Activities that bring you a sense of pleasure, accomplishment and a sense of connectedness promote a sense of well-being.

With the current social distancing measures, you may need to be more creative in how you connect with your family and friends, i.e. using teleconferencing on a Saturday night with friends (Zoom has a basic package for free), Facetime, whats app.

Check your behaviours and control what you can

Set reasonable limits of news. watching and social media. Notice how it makes you feel. Find your own balance, perhaps check the news once or twice a day. Follow governmental guidelines; wash hands, cough etiquette, social distancing, etc.

Engage in the here and now

Take it one day at a time. Try not to focus on what you have lost but perhaps what you are grateful for. Completing a gratitude journal where you identify three things you are grateful for. It is hard to feel anxiety when you are focusing on what you have in your life.

Don’t try to suppress or avoid your worrying thoughts

While doing this may feel like it helps, in fact it compounds fear. You cannot suppress the worrying thoughts but you don’t have to follow the thoughts to their catastrophic conclusion.

Strategies that help are to ‘name it and tame it’ (Dr Dan Siegel). For example “There is that worry thought again. I am not going to follow that thought to the doomsday end”.

You can then use ‘worry time’ and distraction i.e. exercise, doing something creative, connecting with others, doing a puzzle, or self-care.

Talk to people about your worries. This will help to normalise your experience and keep perspective. You can form a support network with those around you.

‘Worry time’:

This is a way of coping with excessive intrusive worry thoughts. This involves postponing worry until a designated time in the day e.g. 30 minutes after dinner. As worry thoughts pop into your head during the day tell yourself “It’s OK to have this worry, but I’m going to put off thinking about it until my ‘worry time’”.

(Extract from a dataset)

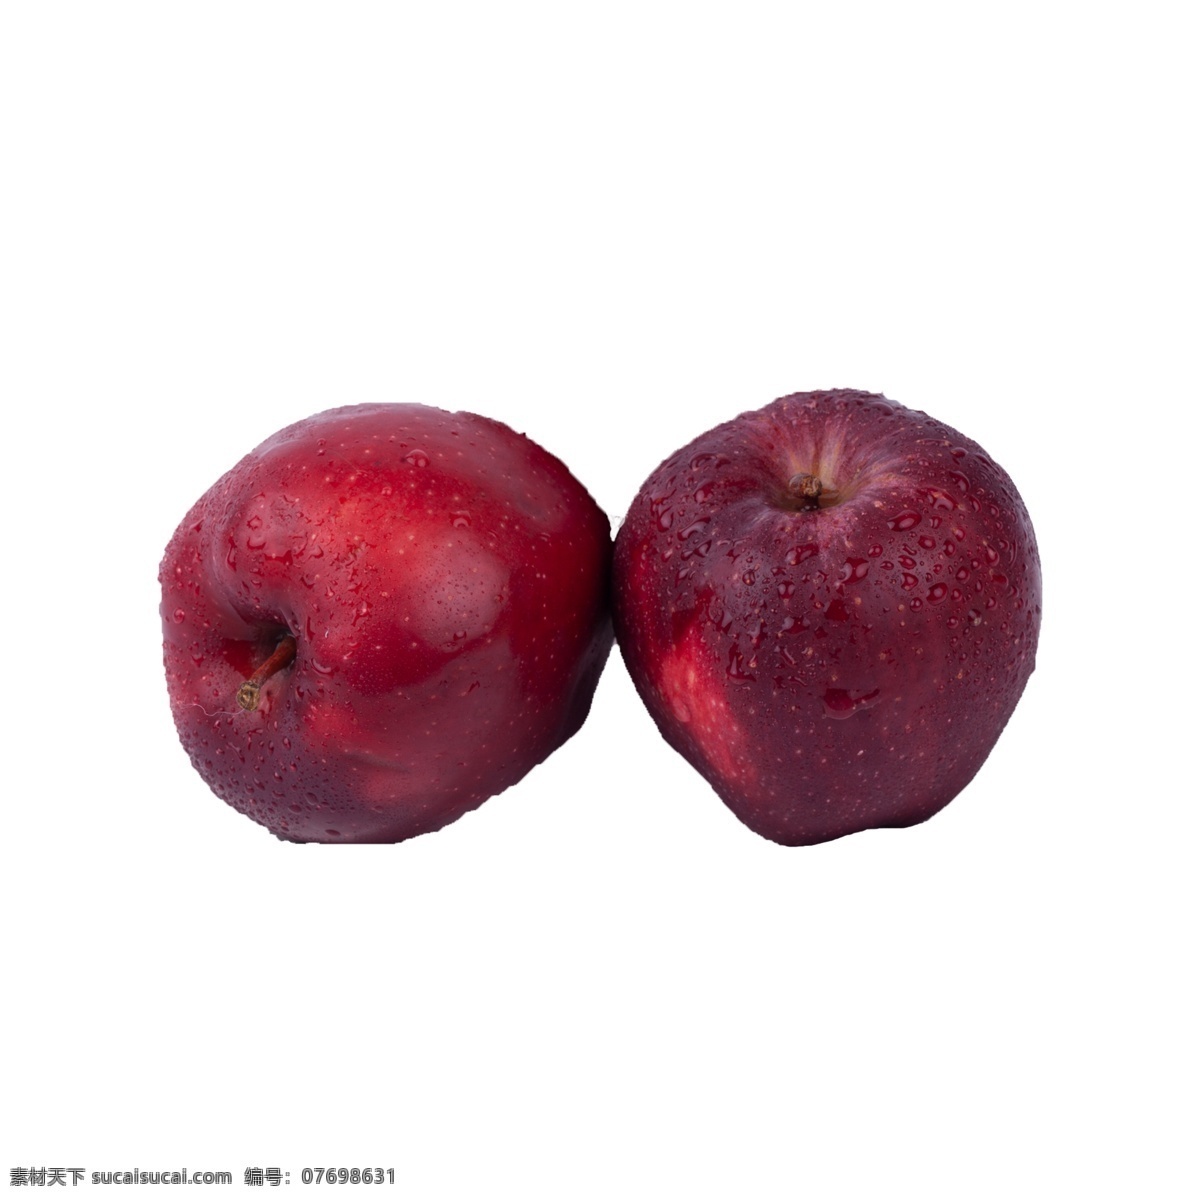 苹果 实拍 免 抠 水果 营养 红富士 红苹果 实物 拍摄 摆拍 红富士免抠 植物 进口 甘甜

Perhaps you can write the worry in a notebook. You might notice a pattern or recurring worry thoughts. During ‘worry time’ reflect on the worry — how concerned are you about them now? Is there anything I can do to help the situation? After the 30 minutes, move onto another activity that takes your mind away from the worry.

The main thing is YOU ARE NOT ALONE in how you are feeling and reacting in this new world order. And you can do something to ease these distressing feelings. None of us have experienced this in our lifetime and so we are all trying to figure it out together. The little things we do in life are still the important things we do in life.

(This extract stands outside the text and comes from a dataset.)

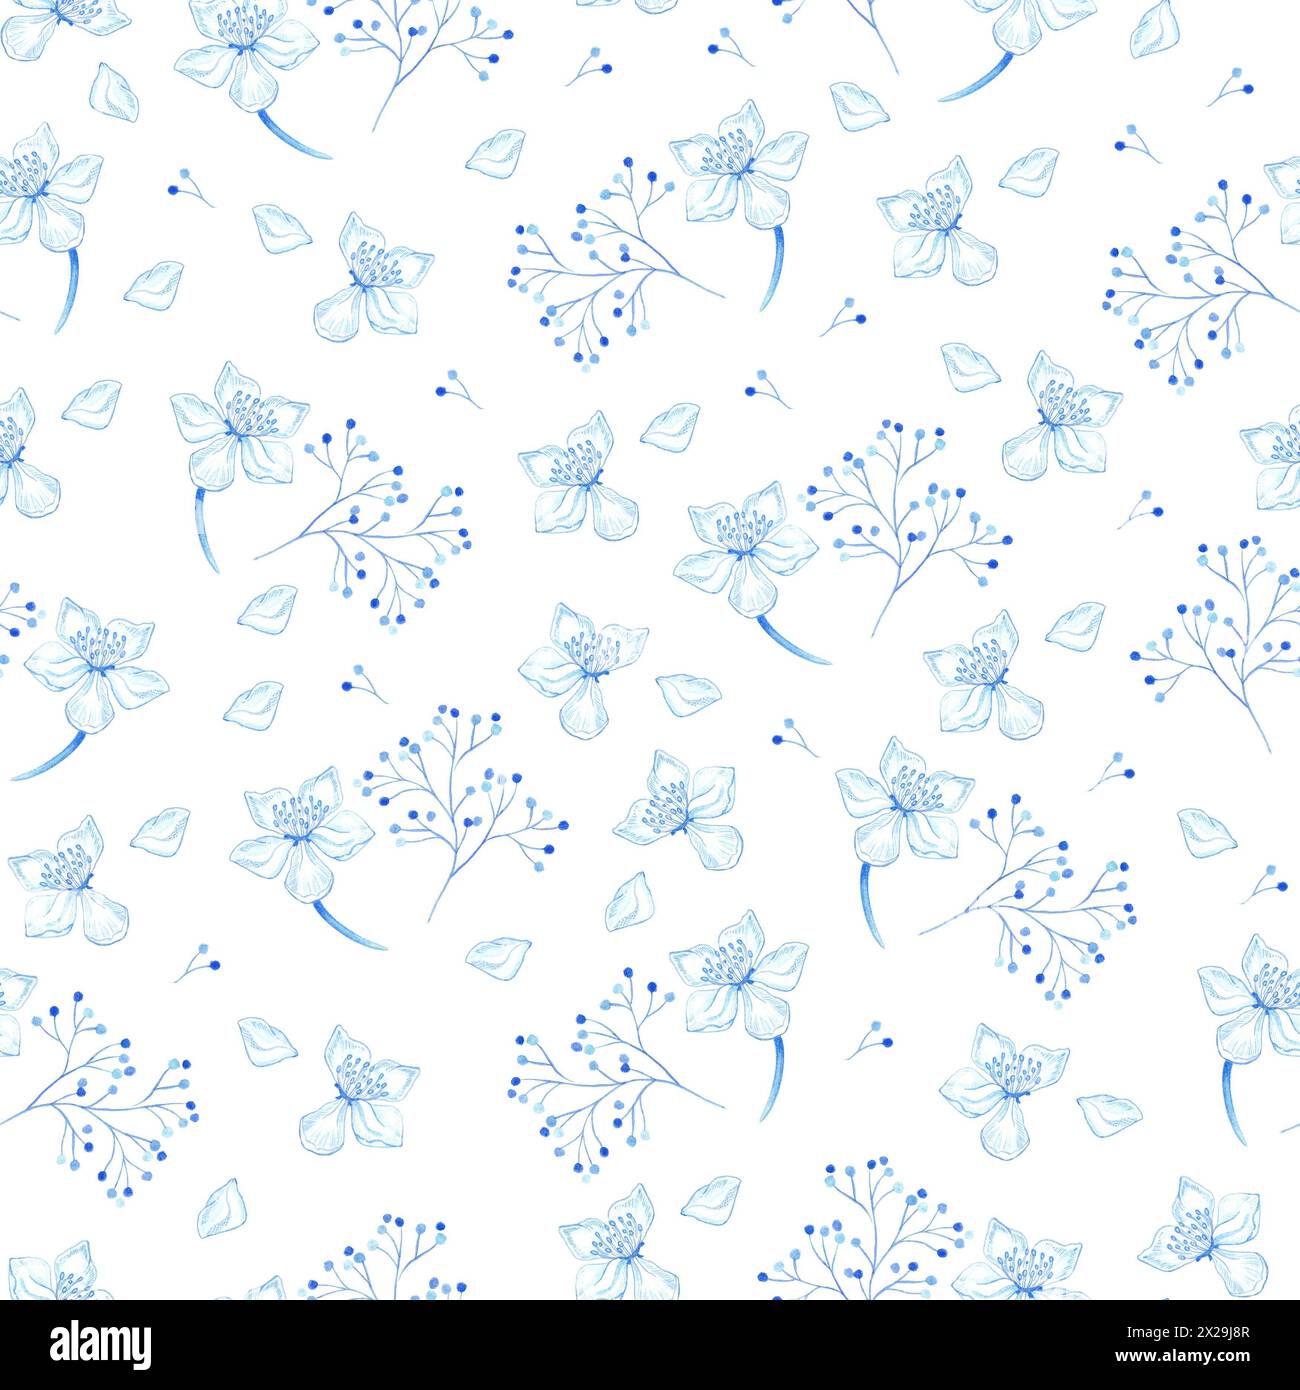 Illustrazione a motivi botanici senza cuciture con rami blu e azzurri, foglie e fiori di ciliegio su sfondo bianco. Tema primavera ed estate. Foto Stock

If you are experiencing symptoms of anxiety and worry that are impacting on your ability to cope with day to day tasks, or have an existing mental health problem that is being exacerbated, contact your GP or your mental health team via phone for support.

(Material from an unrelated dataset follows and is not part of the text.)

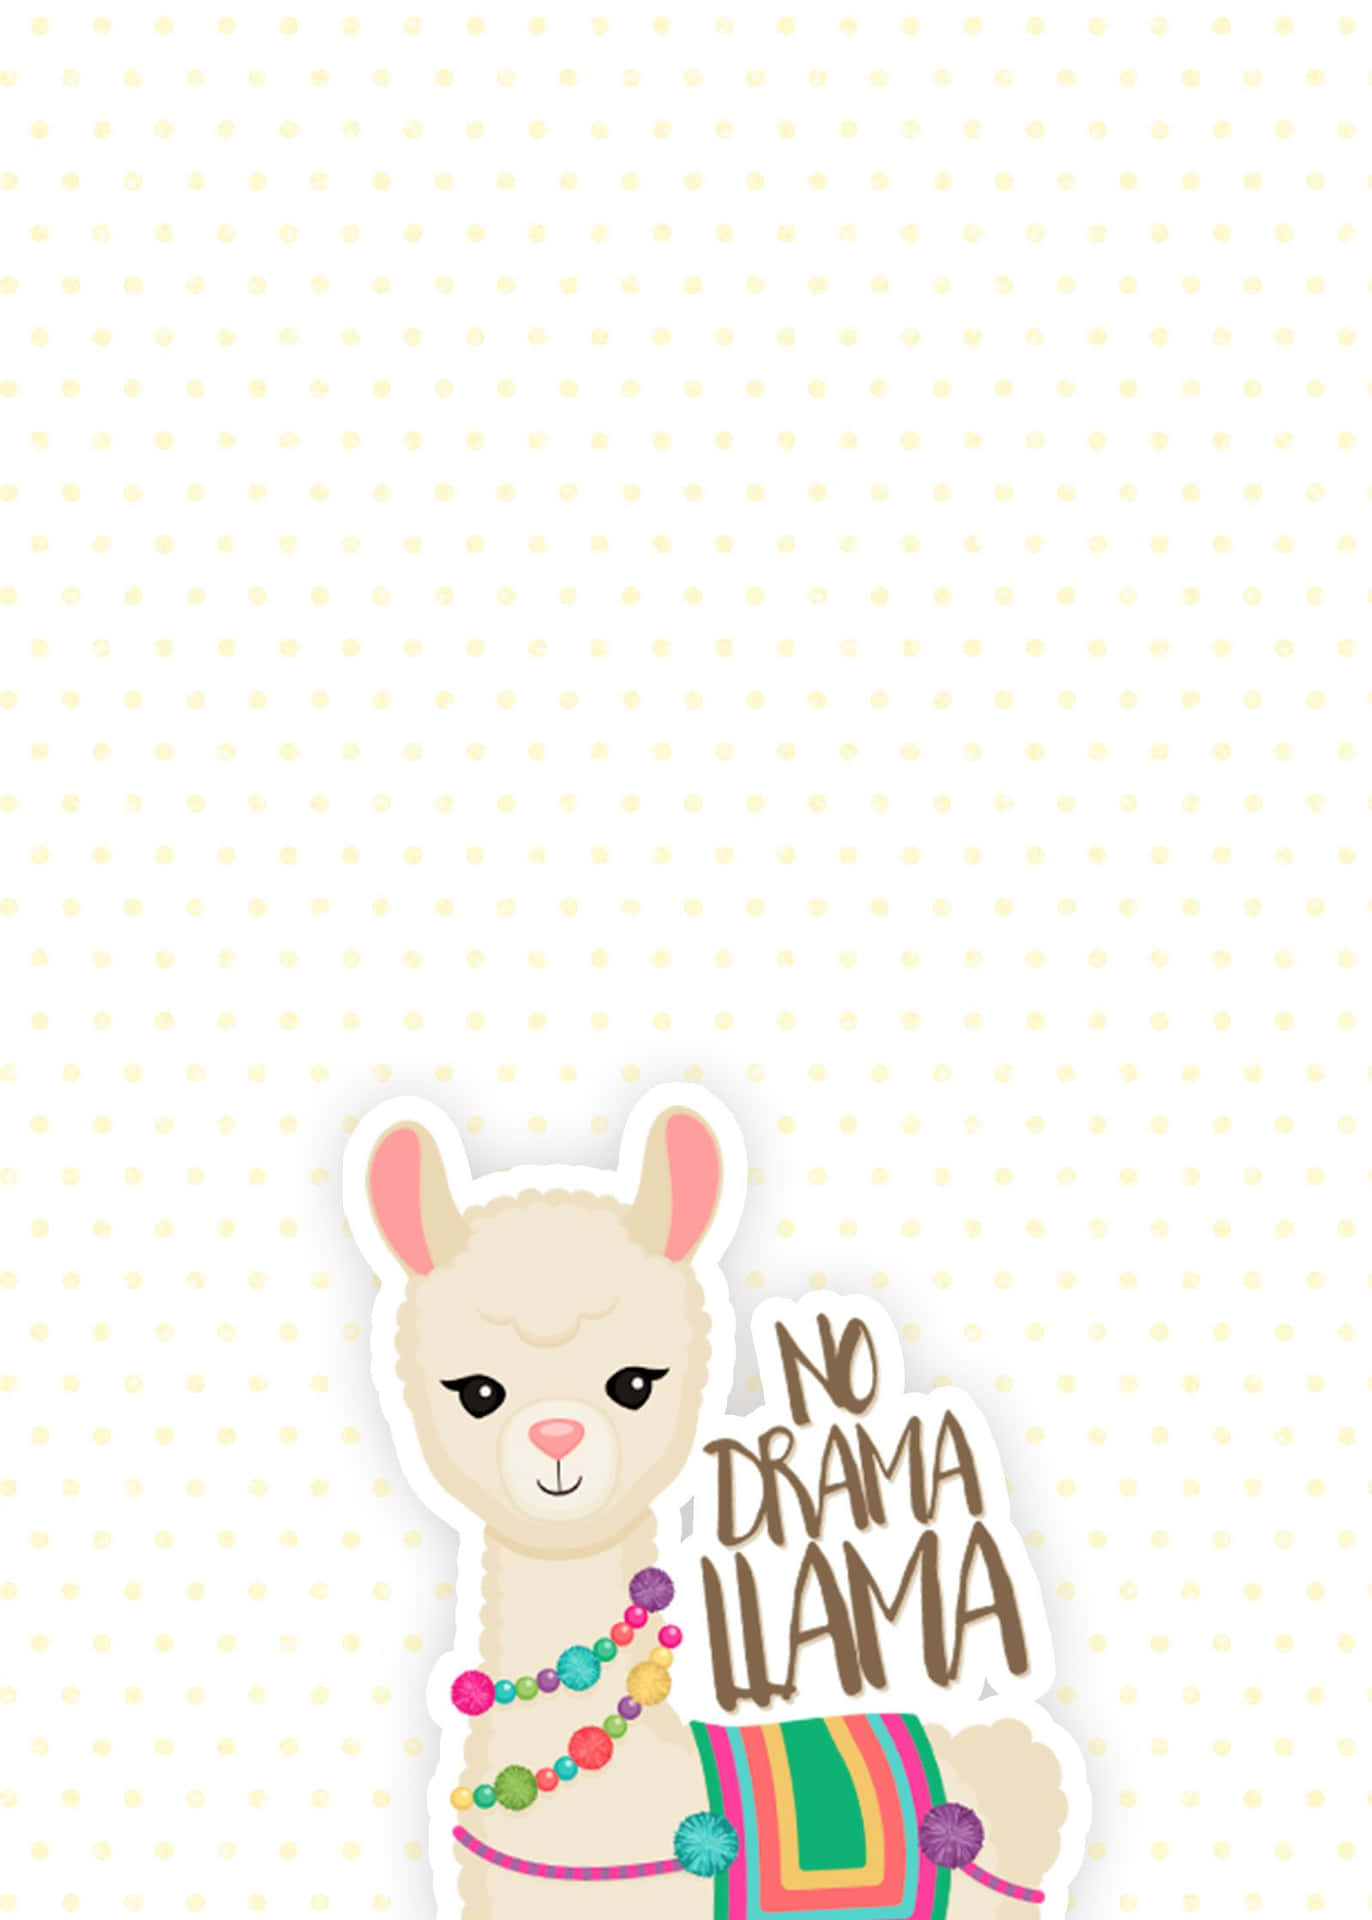 Cute Llama Sticker Wallpaper

Dr Paula Hurley has worked in the area of psychology for the past 12 years in different capacities with Rehab Group, HSE, National Suicide Research Foundation, the Irish Prison Service (2019) and now a Disability Service (2020) in West Cork. She qualified as a Doctor of Clinical Psychology with the University of Limerick in 2019 and I is a registered member of the PSI.


1) Pearl: COVID-19: An emotional and psychological survival guide by Dr Caroline Walker (Psychiatrist) and Rachel Morris, Red Whale- Lifelong Learning for Primary Care

2) How to work with anxiety during COVID-19 Pandemic (NICABM), Christine Padesky, PhD and Ron Siegel, PsyD.

3) Living with worry and anxiety amidst global uncertainty by Dr Matthew Whalley and Dr Hardeep Kaur, Psychology Tools

In any situation we can’t control the situation, but we can control our response to it. Perhaps it’s time to take compassionate action and find ways of taking a break from worry.